In fining the employer, Industrial Magistrate Lieschke took into account 2 other safety offences it had committed within the previous 4 years. The first involved inadequate guarding; the second resulted from the lack of a safe operating procedure for the injury-producing task. Industrial Magistrate Lieschke said both prior offences should have prompted the company to thoroughly investigate the first 2009 incident. How well do you do your root cause analysis and then how do you know that any corrective actions implemented actually work? Do any of the incidents you have repeat themselves and how could you show you are diligently working through a plan of actions to correct this in a priority that reflects the risk posed?  Farrell v Port Lincoln Tuna Processors Pty Ltd [2011] SAIRC 54

Is common industry practice a valid excuse for non-compliance?

Not in this case it wasn’t where a mining employer was ordered to pay an injured labour-hire worker, who fell from a steep ladder on a 50-tonne dump truck, more than $1.2 million, after the NSW Court of Appeal confirmed that common practice was not necessarily the correct safe practice. A full bench unanimously dismissed Roche Mining Pty Ltd's appeal against a damages order, finding the employer could have minimised the fall risk by replacing the dangerous ladder with a transverse retractable stairway.

In April 2003 the worker was using his usual method to climb into the 785B dump truck's cabin, which involved negotiating the difficult last two steps of the ladder by reaching up to a bar under the windscreen and pulling himself up, when his hand slipped and he fell 2.5 m, injuring his hip, pelvis and lower back. Prior to the fall, his method of accessing the truck had been assessed as appropriate by a Roche safety officer.

Last year, Supreme Court Justice Hoeben awarded the worker damages, after he found the access ladder was "primitive" & too steep to comply with the relevant Australian Standard, and that the absence of continuous handholds constituted a "design flaw". He found the incident was foreseeable, & that Roche's insistence that drivers always keep 3 points of contact on the ladder showed it was aware of the risk. Justice Hoeben found that fitting a transverse stairway to the vehicle for a "relatively minor" cost of $20,000, as recommended by a 2002 mining guideline, would have reduced the risk of injury.

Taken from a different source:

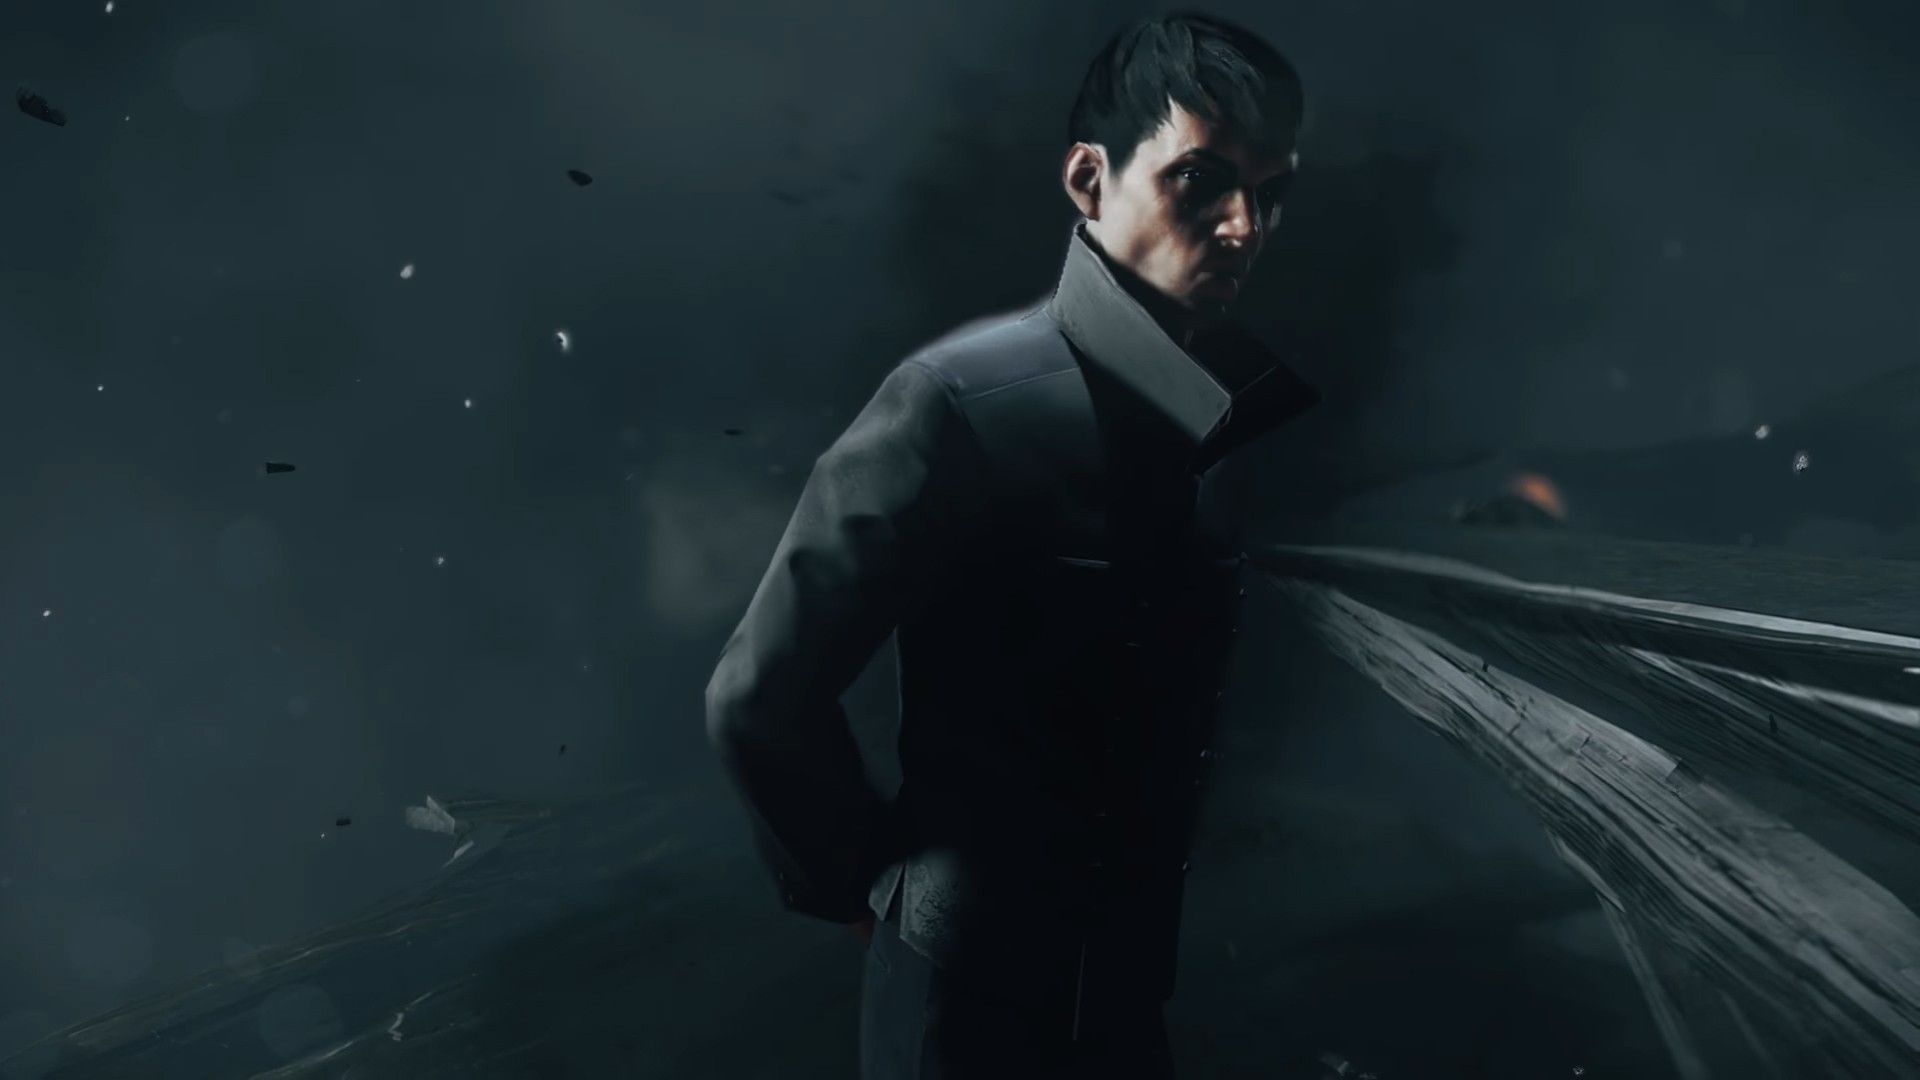 download dishonored 2 free
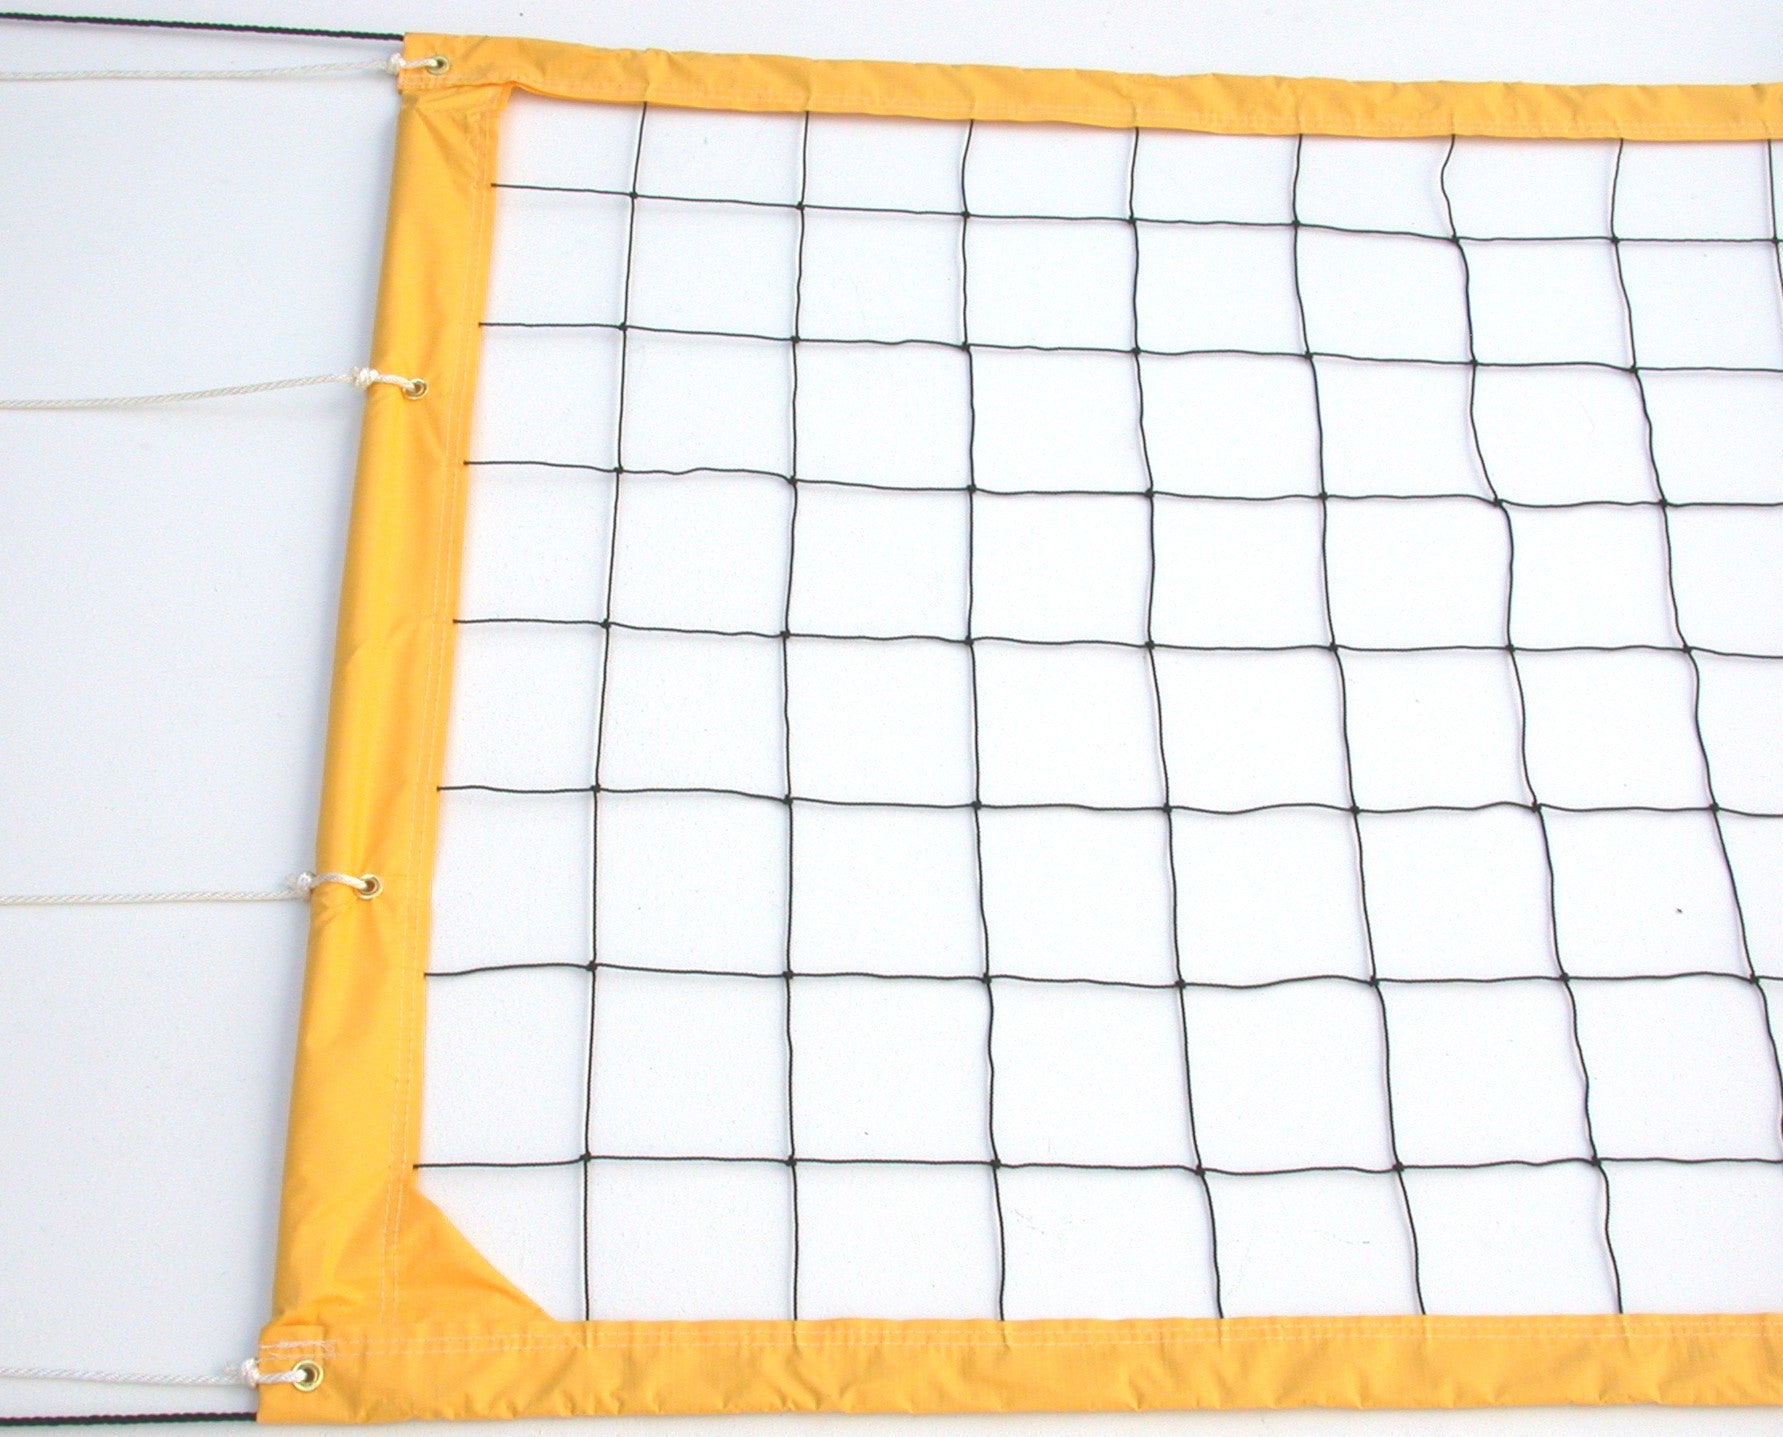 CNRY-Power Volleyball Net Twisted Rope Yellow Vinyl

On appeal, Roche argued that fitting a transverse stairway was not common practice in the industry, and that it was impractical to retrofit all 42 of its 785B dump trucks. It also argued that it should not be held liable for the defect in the original design of the truck. Court of Appeal Justice McColl found the defect was obvious, & Roche failed to take reasonable precautions to protect the worker from it. She found the employer was aware of the fall risk, & said that fitting a transverse stairway was a reasonable precaution & not one "advocated with the benefit of hindsight". The Australian Standards on angle & handrail continuity both predated the accident, as did the mining guideline that recommended the stairway. These were both considered evidence that those regulating the industry were aware of the fall risk and the need to reduce it. In other words, common practice was not necessarily safe practice. The company was required to take into account possible employee "inadvertence or miscalculation" so the 3 point contact requirement was an inadequate control measure for this risk!  Roche Mining Pty Limited v Graeme Wayne Jeffs [2011] NSWCA 184.